### The problem
From the listing below, output only the lines starting at the line that has "ELECTRICAL SYSTEM - After" and ending at the line that has "Cape Fur Seals", exactly as they appear, ends included.
Input material section start
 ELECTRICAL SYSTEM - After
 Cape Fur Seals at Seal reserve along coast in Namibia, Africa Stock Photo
Input material section end
Input material section start
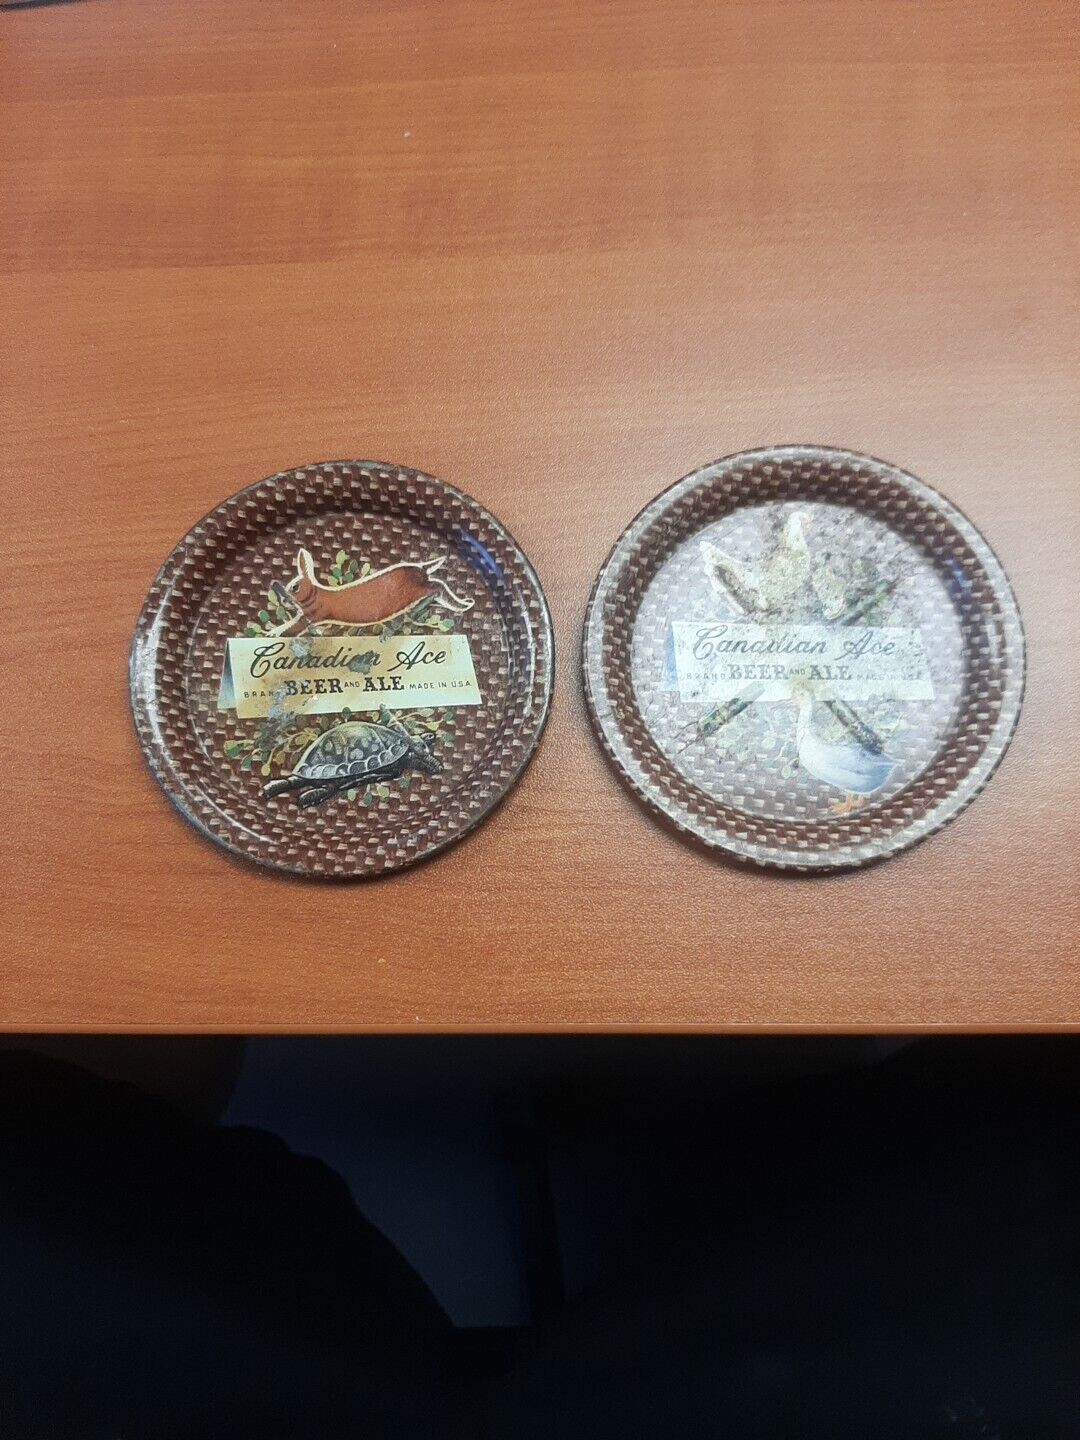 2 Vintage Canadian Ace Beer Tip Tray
Input material section end
Input material section start
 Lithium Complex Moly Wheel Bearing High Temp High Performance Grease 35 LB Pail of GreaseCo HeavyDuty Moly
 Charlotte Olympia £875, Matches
Input material section end
### Response to this task
 ELECTRICAL SYSTEM - After
 Cape Fur Seals at Seal reserve along coast in Namibia, Africa Stock Photo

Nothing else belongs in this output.